Quelques artistes extérieurs à la commune furent aussi conviés à participer à l‘opération. Parmi ces artistes, une habitante de Champlan, Iris Vargas, sculptrice de réputation internationale. 

Née au Vénézuela en 1953, elle a suivi des études d’art plastique puis de sociologie dans son pays natal avant de rejoindre l’École Nationale des Beaux-Arts de Paris en 1979 et de s’installer en France. Elle a participé à la restauration de sculptures au Louvre, aux Archives nationales et aux Invalides. Elle a développé une importante production personnelle, principalement de statues de femmes et de sculptures animalières. 

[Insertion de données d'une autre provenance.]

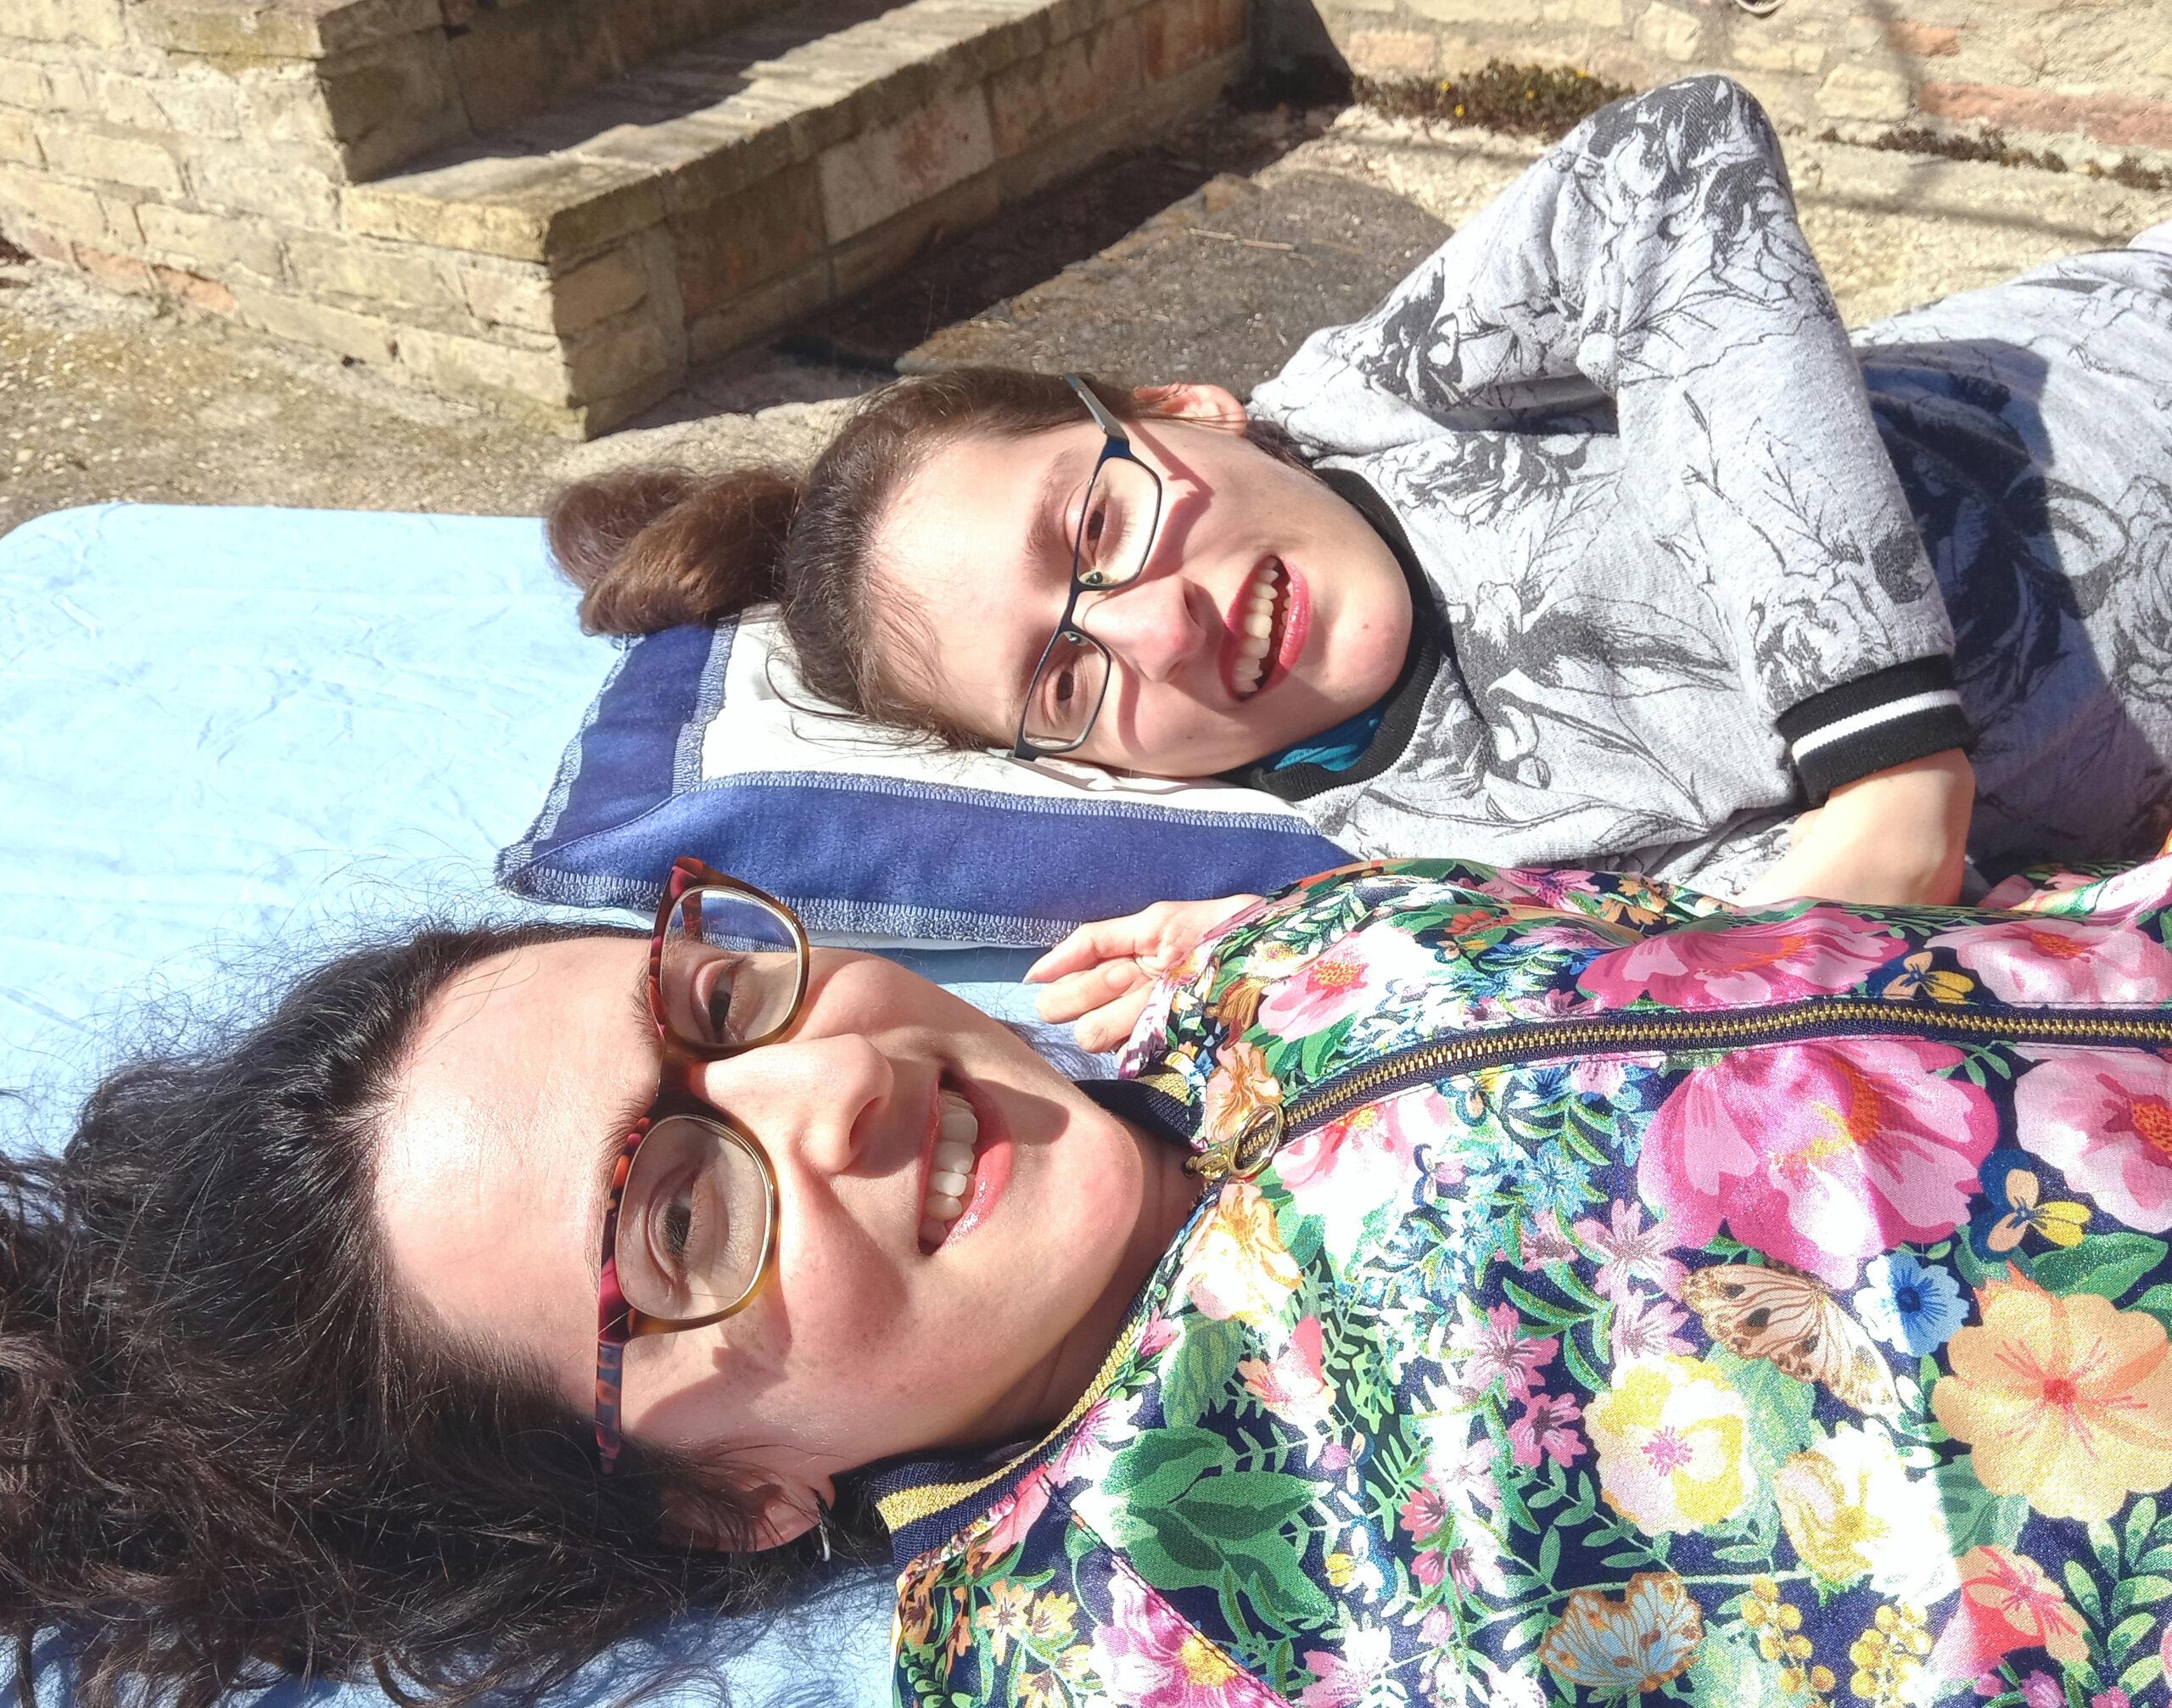 Elena e M. Chiara sono sdraiate su una brandina davanti a casa e sorridono nonostante un sole impietoso negli occhi. Elena ha una felpa a motivi floreali grigia e M. Chiara una felpa lucida colorata.

Sa spécialité est le travail du marbre qu’elle va sélectionner sur place, dans les carrières. « Le marbre est une roche pleine de mouvement naturel dans la forme et les mouvements, c’est avec ça que je joue » déclare-t-elle. Elle précise : « Je sculpte et dessine le marbre avec des outils du plus grossier, la tronçonneuse, au plus fin, le diamant. Je le polis par endroits à la ponceuse. La différence de rugosité renforce le rapport très tactile et sensuel à la pierre ». Elle a participé à des centaines d’expositions collectives autour de Champlan, un peu partout en France et à l’étranger, dont une à Xi’an en Chine en 2019.

À Massy, pour le Projet R, la Ville a acheté une œuvre qu’elle a installée le long de l’allée qui longe la zone humide de l’ancien étang du bois de Briis en bordure du petit bois du parc de la Tuilerie : quatre arbres de 2,50 m de haut. Pour cette composition, l’artiste a suivi une de ses inspirations récurrentes, les quatre saisons des arbres, œuvres qui ont fait l’objet de plusieurs expositions, dont celle-ci qui fut montrée quelque temps au Jardin du Luxembourg à Paris. 

Le tronc est formé par une poutre de chêne, chaque feuillage est simulé par un demi-cercle d’1 m de diamètre constitué par deux plaques de marbre collées d’environ 3,5 cm d’épaisseur. À l’entrée de l’allée, le printemps en marbre rose troué d’alvéoles arrondies. Puis l’automne avec des alvéoles plus allongées entaillées dans un marbre gris gravé de lignes sinueuses. L’été en marbre gris clair ajouré d’étoiles a été vandalisé et remplacé en mai 2022 par une nouvelle sculpture de même inspiration. Enfin l’arbre d’hiver est fait de marbre blanc strié de fentes obliques évoquant une tempête de neige.